Out of the silence I heard that same voice say , “No more” I opened my eyes in panic, but you were gone. In your place Jesus was kneeling with his hand over the trigger. With tears in his eyes he told me, “I have more for you than her.” He stayed up with me for the next couple of hours and just hugged me while I cried in his arms. That intimate embrace that I was seeking in you was finally fulfilled, as I looked at the holes in his hands.
You still hung around the school, but you never came close because Jesus was with me. I went though High School and college and you became more distant. You never fully left, but you were always at a distance. I left for the race last year and hadn’t seen you in a while. Depression would stop by every once in a while but it was always a short visit.

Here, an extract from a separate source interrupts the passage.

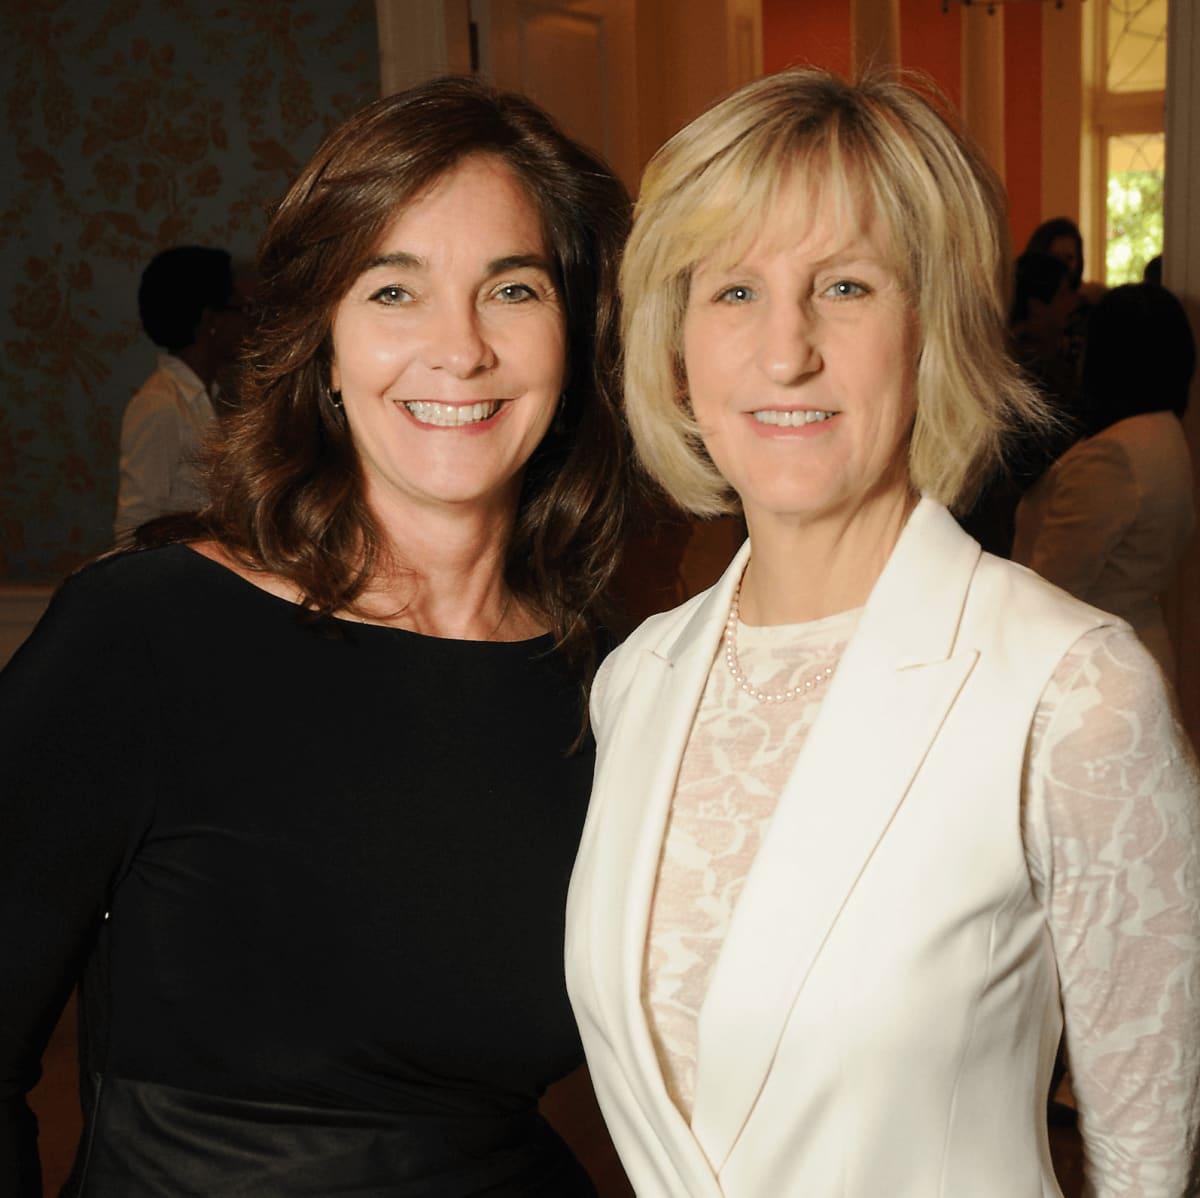 At the Heart of Families, 9/16  Kathleen Diamonon, Sarah Terrell

When I was in Thailand this last year I saw you again. It was halfway through the month things were pretty hard honestly, and I forgot all about you. I was lying in bed one day talking to depression, for the 8th day in a row, and he pulled me outside to go for a walk. As I walked outside I saw you standing next to the playground and it was like that first time again. From across the lawn I could see those eyes, and that smile, and deep down I longed for your touch again. I closed my eyes and allowed myself to fantasize about the satisfaction you could bring. Once again I heard Jesus voice, “I have more for you than her.” I opened my eyes and saw you for the monster that you are. I cried out to Jesus for help and you fled.

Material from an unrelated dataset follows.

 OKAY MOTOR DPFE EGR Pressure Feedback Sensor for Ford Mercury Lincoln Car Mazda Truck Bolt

The other night I was sitting in the window sill of the dorms just listening to Depression talk. I have come to hate his voice and closed my eyes in an attempt to ignore him. When I opened them I could see you again. I couldn’t see your face, but I could make out the curve of your body and see the way your hair fell over your shoulders like a waterfall on the rocks. I couldn’t see your face, but could picture you as you once were, a beautiful woman who can satisfy my desires. But, something wasn’t right, you stayed in the shadow and wouldn’t walk into the light where I could see your face. As I peered into the darkness I could see you. Your beauty was gone. What was once a desirable attractive woman was now an ugly horrible monster. You tried to seduce me but your voice hissed and and cracked. You walked over to touch me, but I could hear Jesus speak “It is finished.” I feel into his arms and sobbed. She is gone he explained as he looked down at me with tears in his eyes and a smile on his face. I just sat in that corner and cried while Jesus loved me.

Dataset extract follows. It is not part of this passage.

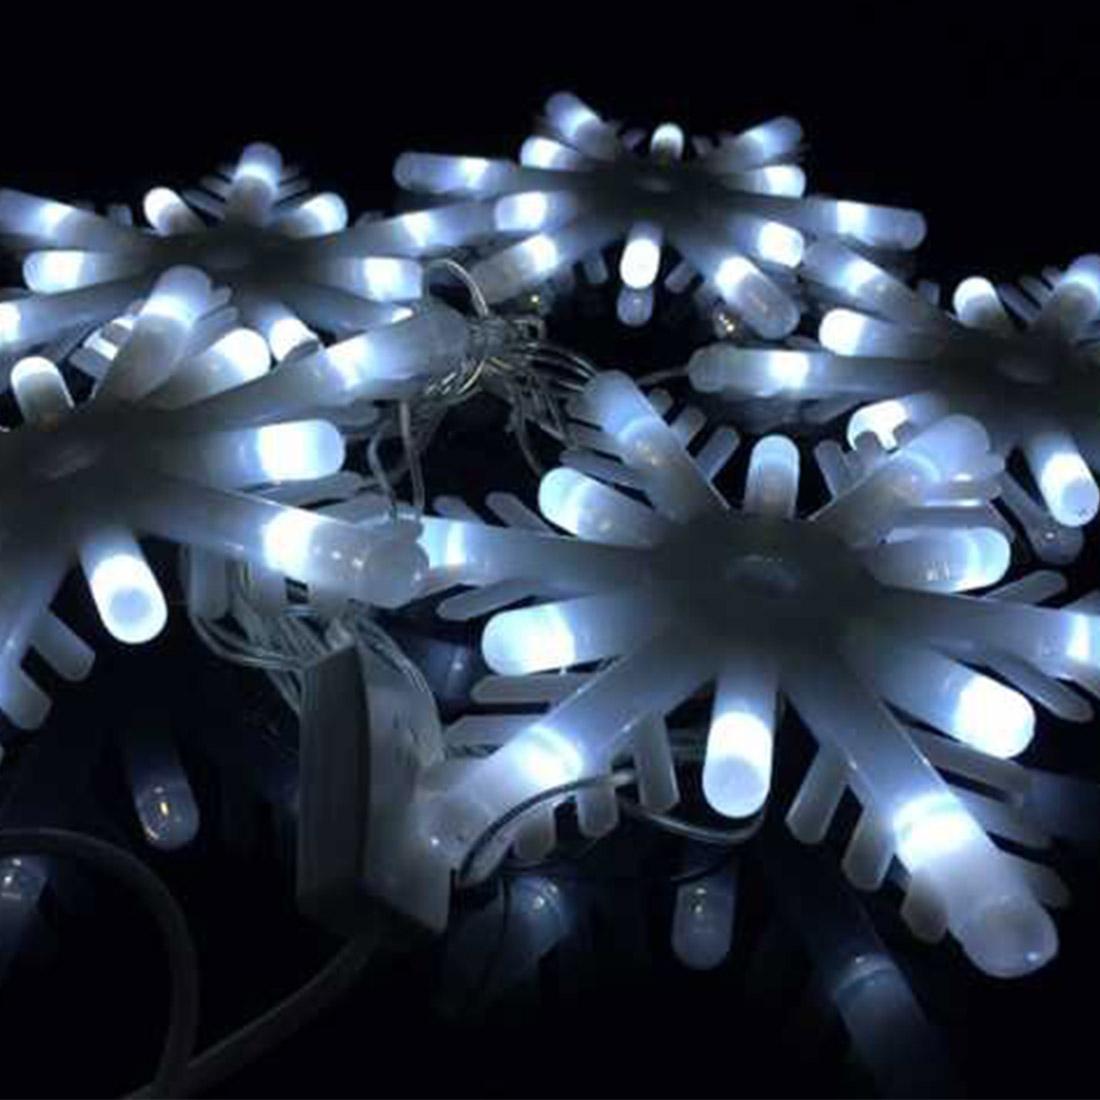 Christmas Wedding Party Garden 2.5M 5LED Decoration Light Cream White Snowflakes LED String Ligh Party Decoration(China (Mainland))

Dear Suicide, we are done. I am done hooking up and fooling around with you. I am done chasing after you and trying to find satisfaction in you. You are not allowed to come around me anymore and feed me your lies and manipulation. I now see you for what you truly are and you will always be a monster. I deserve you for what I have done, but you don’t deserve me. I am a son of the most high and a co-heir with Christ. I don’t need to settle for you anymore, because he has so much more for me than what you have to offer. Let this be our formal breakup.